I don’t understand why Unity coordinate system is bottom-left based, and then you have a structure Rect which is top-left based. Very wierd. As far as I understood the whole gui system is also top-left based.
If you use those things in one function, wow things get messy. I just wanna hear opinions how you guys deal with this.
I’d guess most programmers first saw C# with free MicroSoft VisualStudio, or maybe Microsoft’s free C#/XNA for games (sort of.) The “Forms” environment sets up a standard, easy to use, drag-and-drop GUI menu system (the kind of thing I imagine the EasyGUI add-on does for you – I have no involvement with EasyGUI.)

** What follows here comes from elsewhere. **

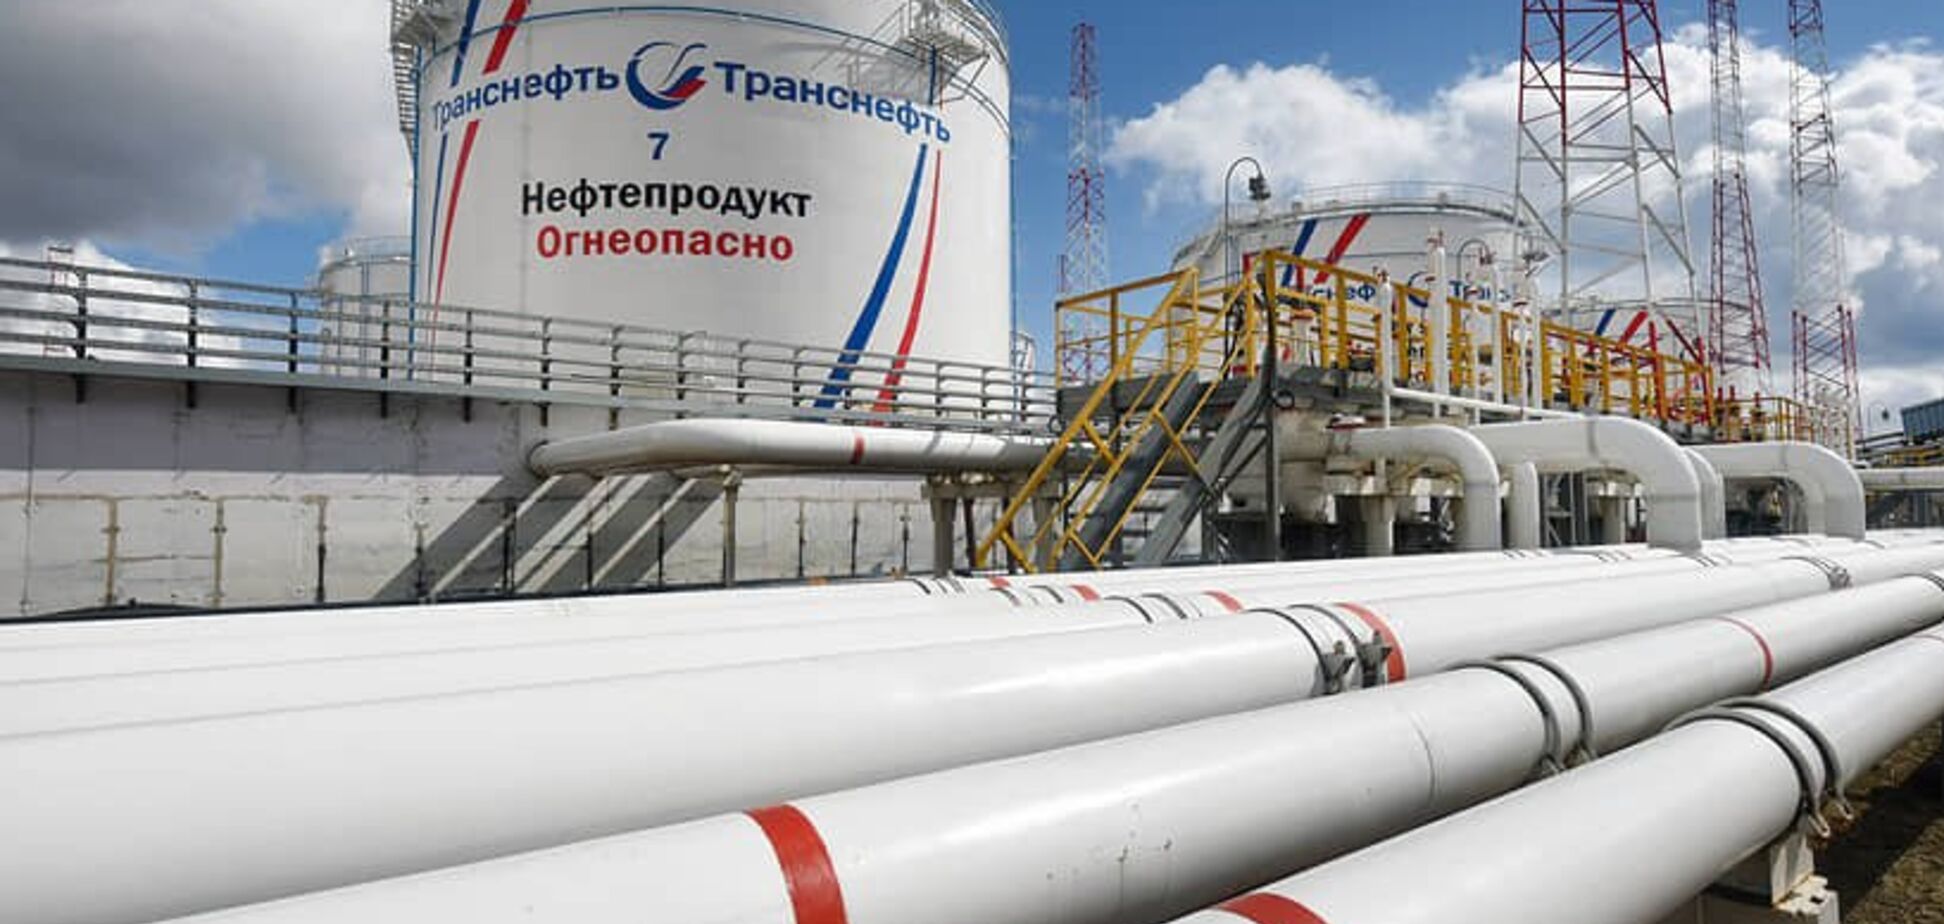 Брудна нафта Путіна: у Росії розкрили кричущий нюанс
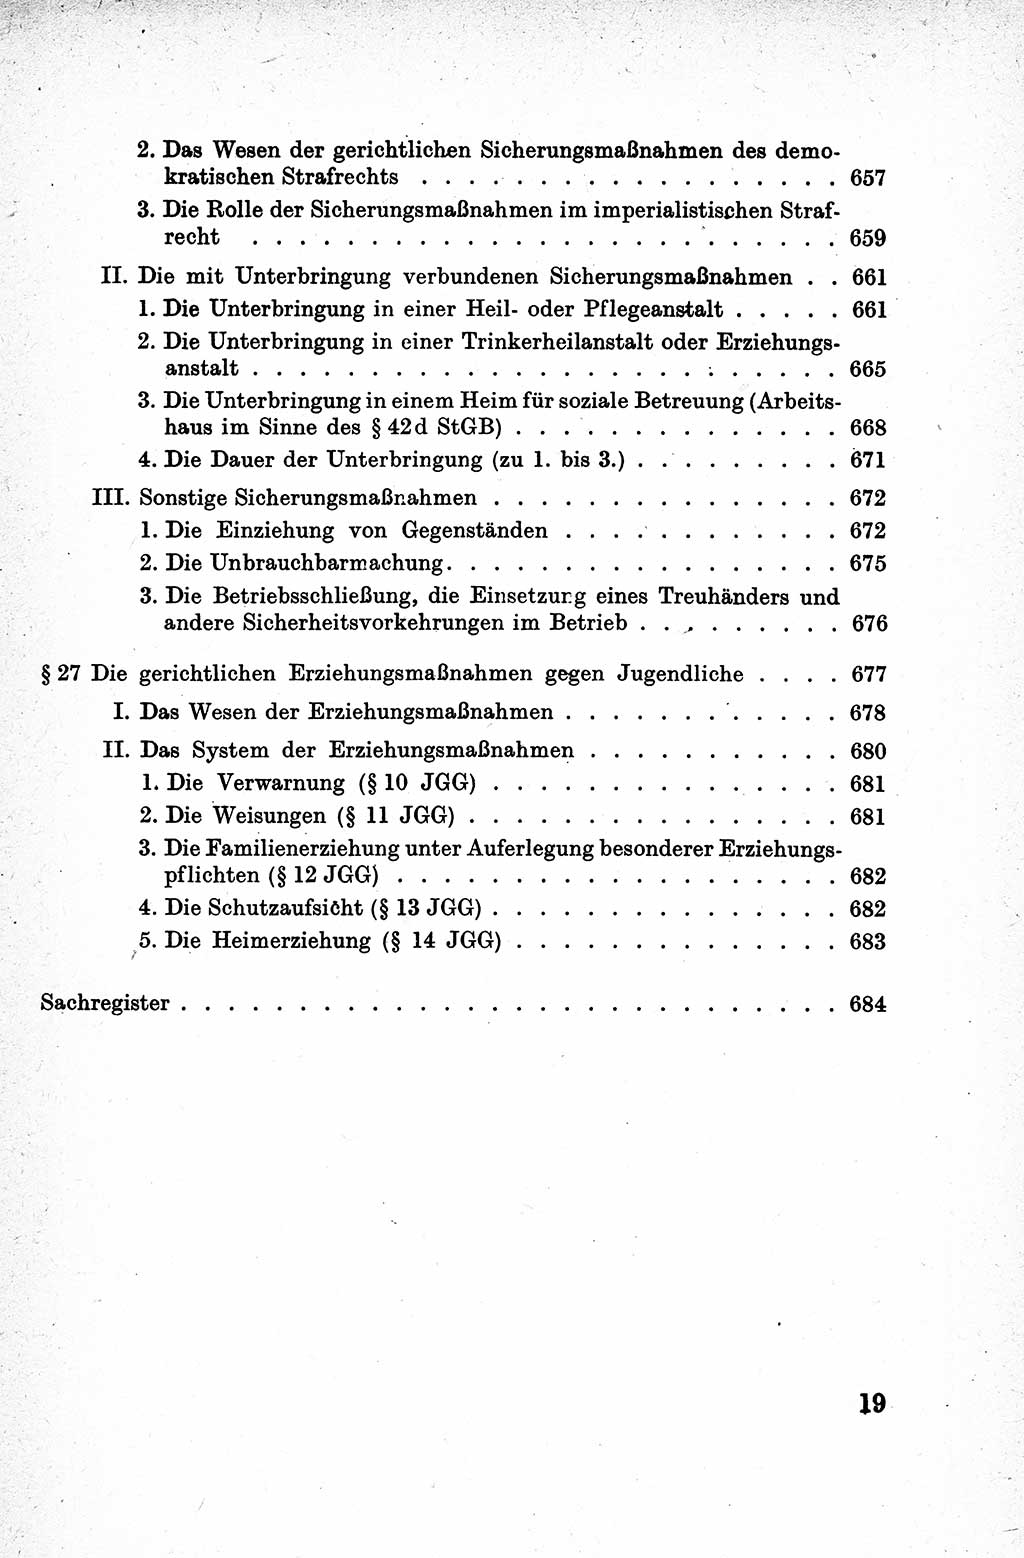 Lehrbuch des Strafrechts der Deutschen Demokratischen Republik (DDR), Allgemeiner Teil 1959, Seite 19 (Lb. Strafr. DDR AT 1959, S. 19)

Microsoft C# uses a top-left, units-are-pixels coordinate system for everything. It seems pretty odd, but back in the early days of web-pages, the layout engine always worked upper-left down and across. The bottom was just where ever it landed. I believe javascript also used top-left coords for the same reason (it was originally created to add some code to web pages.) Even things like “50% across” were suspect, since you didn’t know the width until you wrote the entire page and knew the longest line.
The Unity coord system gets even worse. GUILabels use viewport coords: 0-1/0-1 screen percents, from bottom-left. Camera.WorldToScreen gives ScreenCoords, which are in pixels, but centered bottom-left, so you have to flip Y to use it for RectCoords.
The thing is, we’re already converting Z-up (3DS-Max) to Y-up, feet to meters, 2D grid centers into world coords, ViewPort to Screen, degrees to radians. I believe it’s pretty normal to assume there will be a conversion, and to be in the habit of always thinking about which coordinate system you’re in and which you need.